Until the late '90s, Monsanto was all about agri-chemicals. The transition to life sciences went smoothly from a business perspective, but not on the PR front. Amid reports of dying butterflies and Brazilian farmers uprooting experimental crops, Mutanto, as it came to be called, was – and still is – pilloried for what some consider to be its threat to consumers of frankenfoods.
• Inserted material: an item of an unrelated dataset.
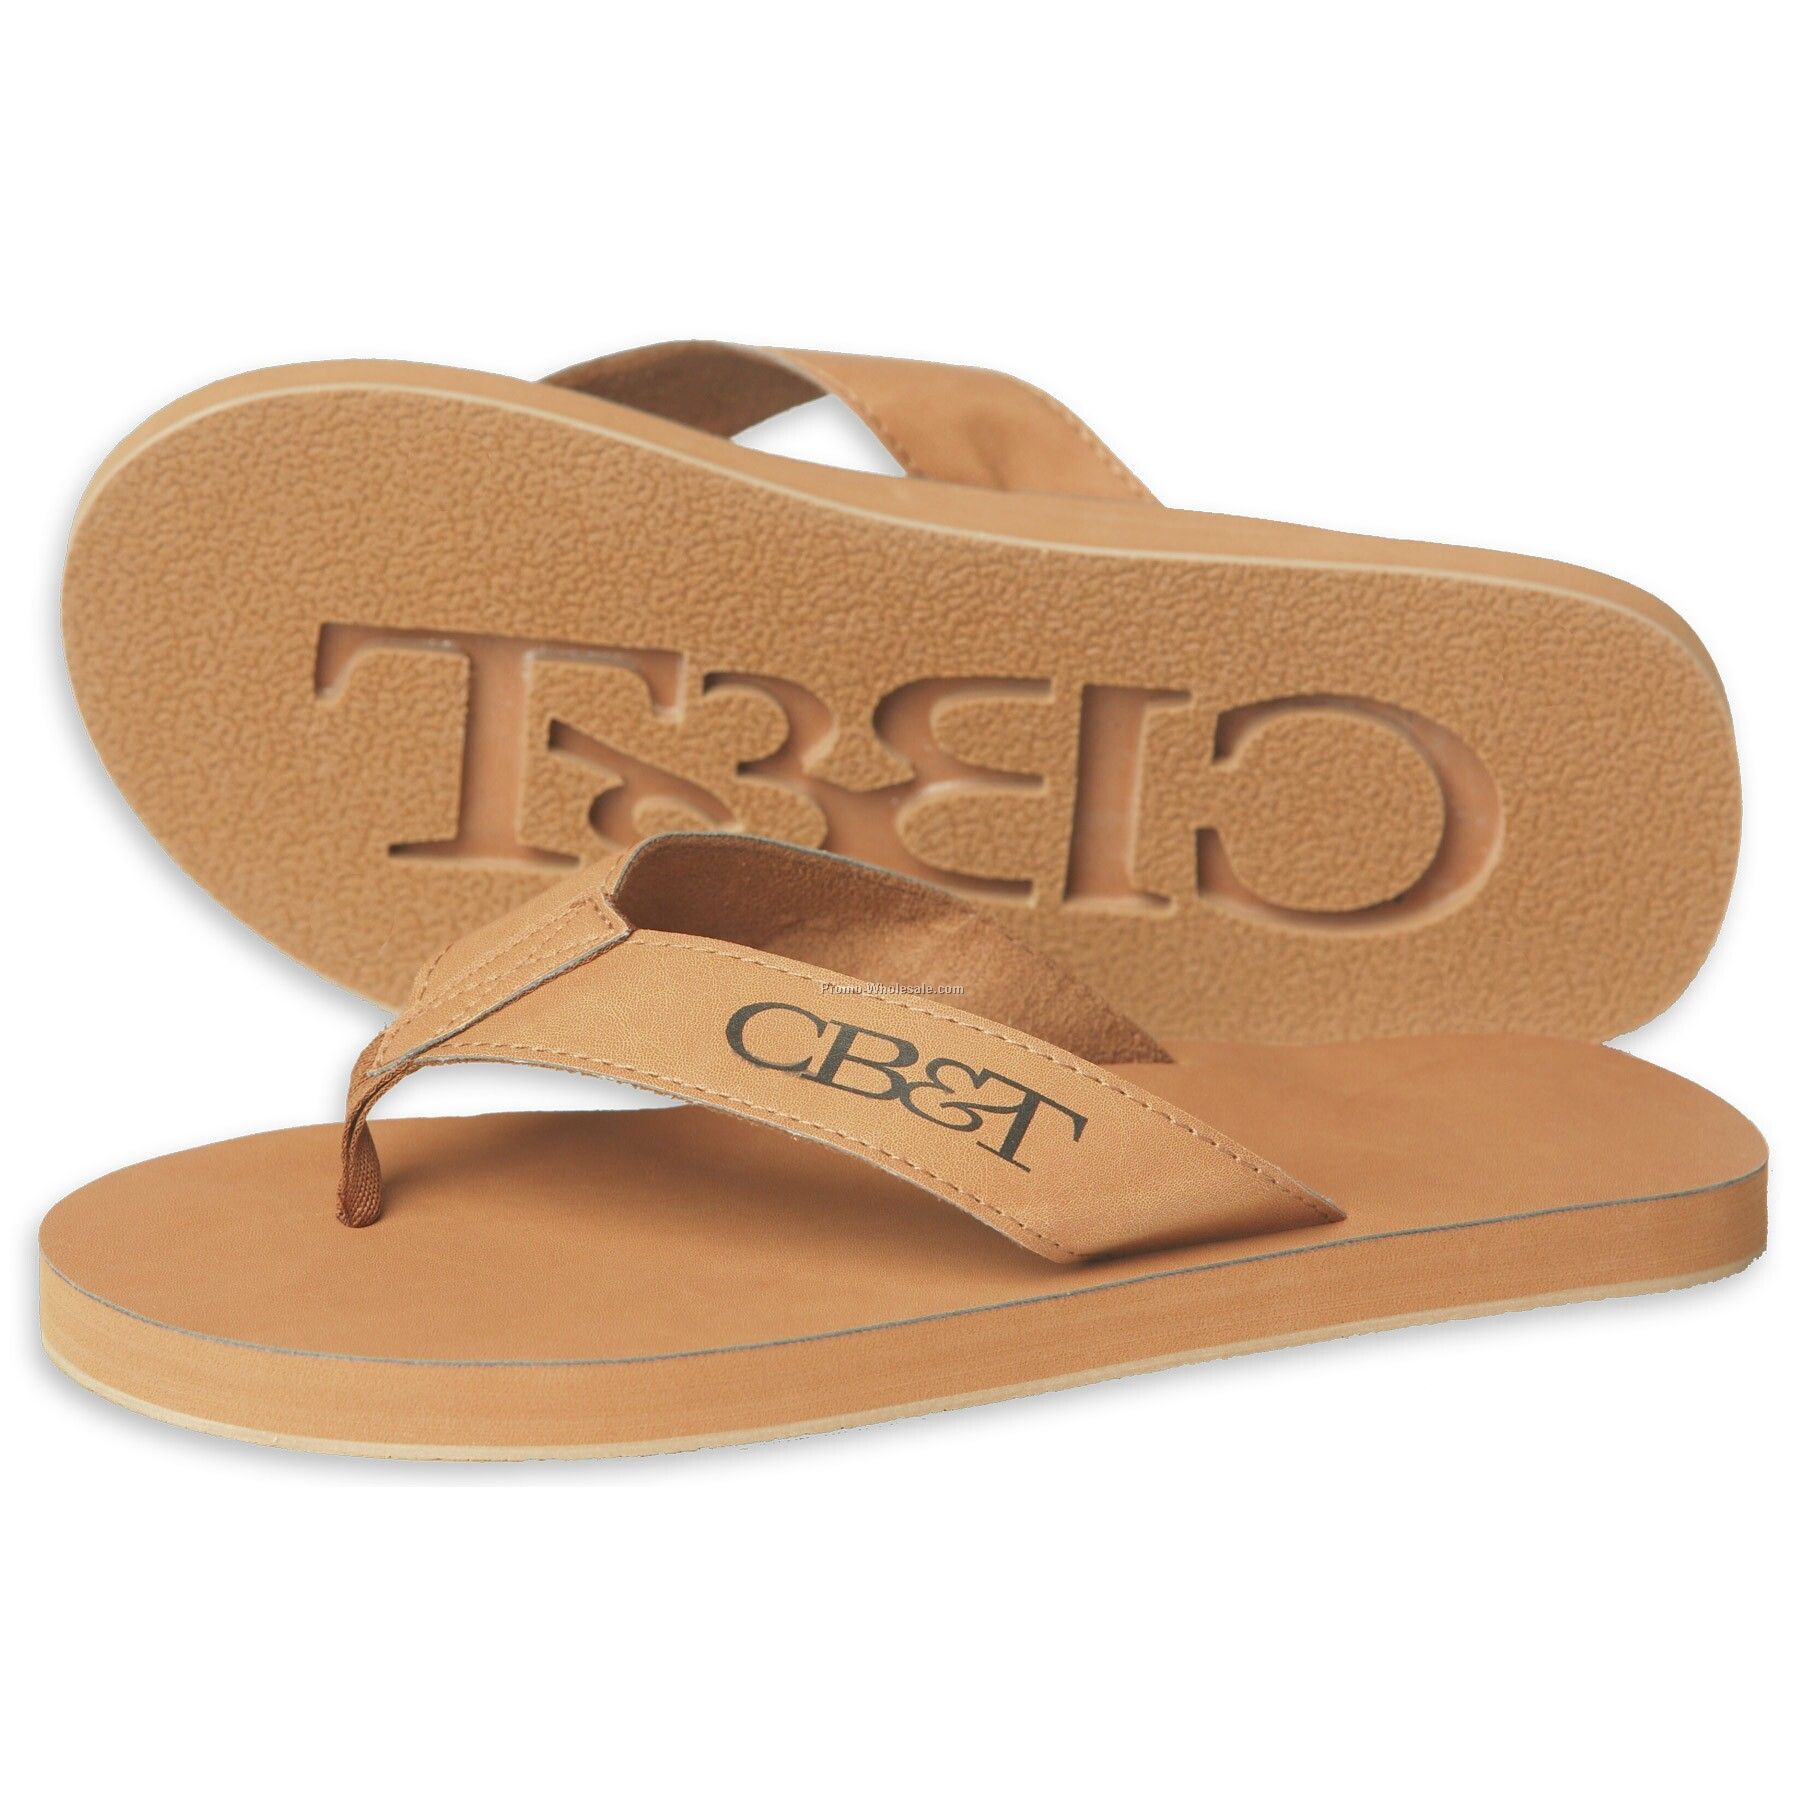 The Del Rey Sandals - Synthetic Leather With Arch Support (Import)

To deal with public concern, Monsanto executives have shifted the company's communications strategy. Rather than focusing on cost savings and productivity gains for farmers, Monsanto has begun to emphasize GM's environmental and health benefits (eliminating the need for 11,000 tons of pesticides, for starters) and new applications in the works: cheap GM-enhanced ethanol and plant-produced vaccines. It's also winning regulatory approvals. In arch, the world's third-largest cotton grower, India, gave the OK to Monsanto's pest-resistant Bollgard seed. Brazil is expected to make a similar decision that will make herbicide-resistant soybeans the de facto global standard. Formal US approval is pending for pest-resistant corn and cotton traits. And even the European Union – the most conservative region when it comes to GM food – is reconsidering its hold on the planting of genetically modified corn. As Britain's House of Lords recently noted, "We need to look at the product, not the process."
As for farmers, they keep on buying the stuff. Monsanto projects earnings growth of 4 to 6 percent this year, 6 to 9 percent for 2003, and double digits after that, as new traits reach the market. And Monsanto shares have climbed right along with the size of the GM market, increasing 50 percent since October 2000.
Consumers should come around, too. The GM future will be full of more nutritious cereals, reduced-calorie sweeteners, and oil seeds higher in healthy saturated fats. "You won't have to make the trade-off between taste and health," says Fraley, offering "the healthy Big Mac." To hardcore technophobes, that will be tough to stomach. But the rest of us just might enjoy it.